Is there anyway to work around it in code?
It seems it's an iOS bug since fast backward to the very beginning won't cause the black screen but fast forward to the end will, and after that the 'play'/'pause' call to the video player never works. I temporarily fix this by adding protected logic into the scrubber refresh callback:
let's assume that monitorPlaybackTime will be called in 'PLAY_BACK_TIME_MONITOR_INTERVAL' seconds period to refresh the scrubber, and in it I add a check logic:
NSTimeInterval duration = self.moviePlayer.duration;
NSTimeInterval current = self.moviePlayer.currentPlaybackTime;
if (isnan(current) || current > duration) {
current = duration;
} else if (self.moviePlayer.playbackState == MPMoviePlaybackStateSeekingForward) {
if (current + self.moviePlayer.currentPlaybackRate*PLAY_BACK_TIME_MONITOR_INTERVAL > duration) {
[self.moviePlayer endSeeking];
}
}
A workaround to solve the black screen, not perfect, hope it can help.
I'm guessing you are not handling the MPMoviePlayerPlaybackDidFinishNotification. You really should if you're not.
Still its unexpected for me that the movie player would go into a "stuck" state like you describe. I would more readily expect it to stop playback automatically and reset when it reaches the end. Anyway, I think your problem will go away if you observe the MPMoviePlayerPlaybackDidFinishNotification and handle the movie controller appropriately.
Ran into the same issue on iOS6. Managed to fix it by registering for the MPMoviePlayerPlaybackDidFinishNotification (as suggested by Leuguimerius) with the following implementation:
- (void)playbackDidFisnish:(NSNotification *)notif {
if (self.player.currentPlaybackTime <= 0.1) {
dispatch_async(dispatch_get_main_queue(), ^{
[self.player stop];
[self.player play];
[self.player pause];
});
}
}
Where self.player is the associated MPMoviePlayerController instance. The check against currentPlaybackTime serves to distinguish the more standard invocations of playbackDidFinish (where the movie is allowed to play at normal speed until its end) from those scenarios where the user fast forwards until the end. Stopping then playing and pausing results in a usable, visually consistent interface even when fast-forwarding to the end.

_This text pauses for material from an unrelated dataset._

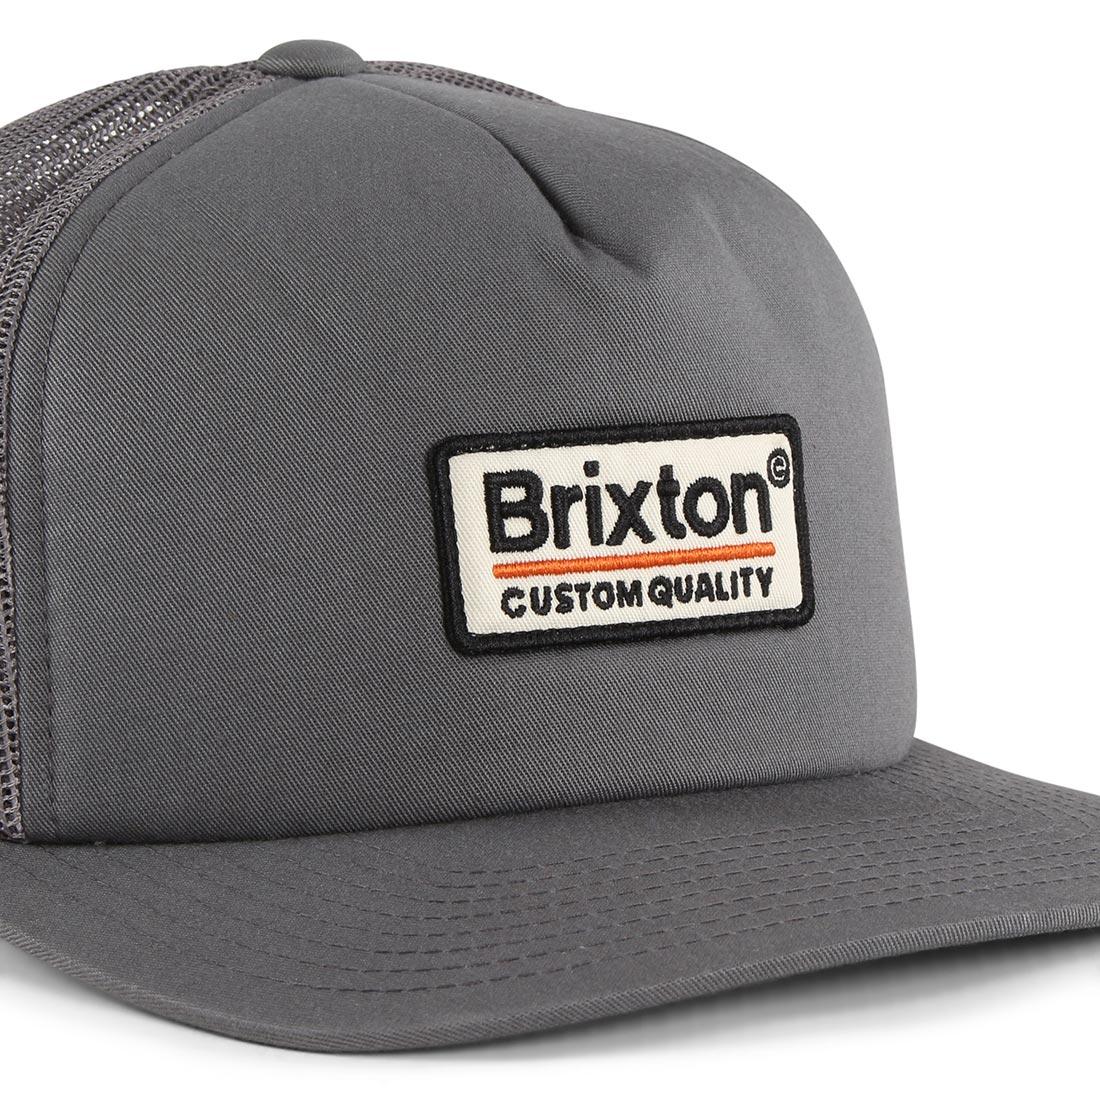 7f8ee5bf2395c Brixton-Palmer-Mesh-Back-Cap-Grey-03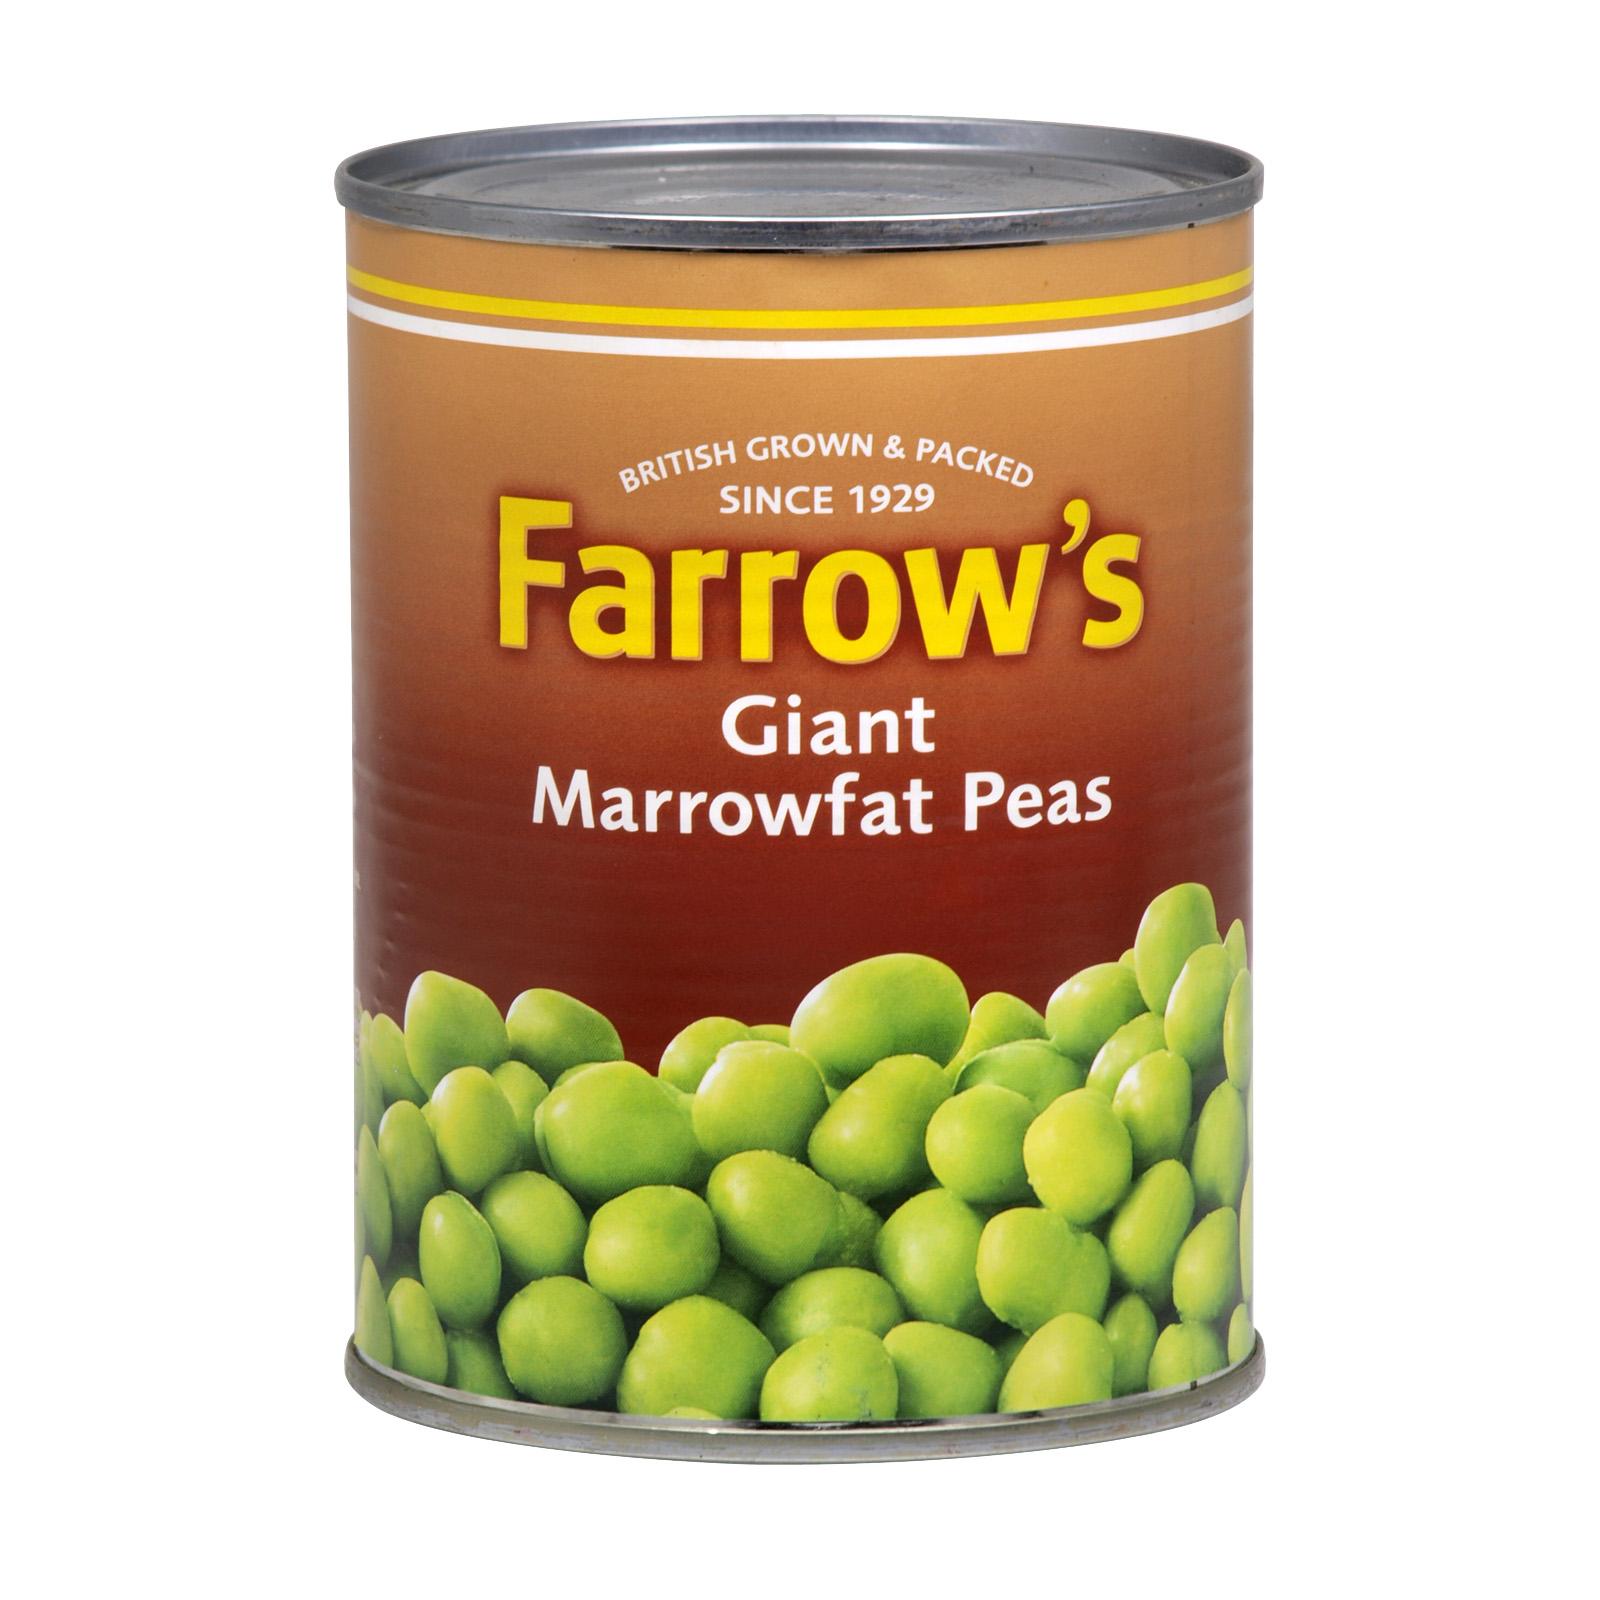 FARROWS GIANT MARROWFAT PEAS 538GM

None of the aforementioned solutions worked for me, so this is what I ended up doing:
NSNotificationCenter.defaultCenter().addObserver(self, selector: Selector("moviePlayerLoadStateDidChange"), name: MPMoviePlayerLoadStateDidChangeNotification, object: nil)
func moviePlayerLoadStateDidChange() {
let loadState = moviePlayerController?.loadState
if loadState == MPMovieLoadState.Unknown {
moviePlayerController?.contentURL = currentmovieURL
moviePlayerController?.prepareToPlay()
}
}
I think the issue is that when the seek foraward button is single pressed, it wants to skip to the next video, that's why a loading indicator appears. Listening for the load state change event, you can specify what the next video should be, and if you don't have any, you can just give it the same url.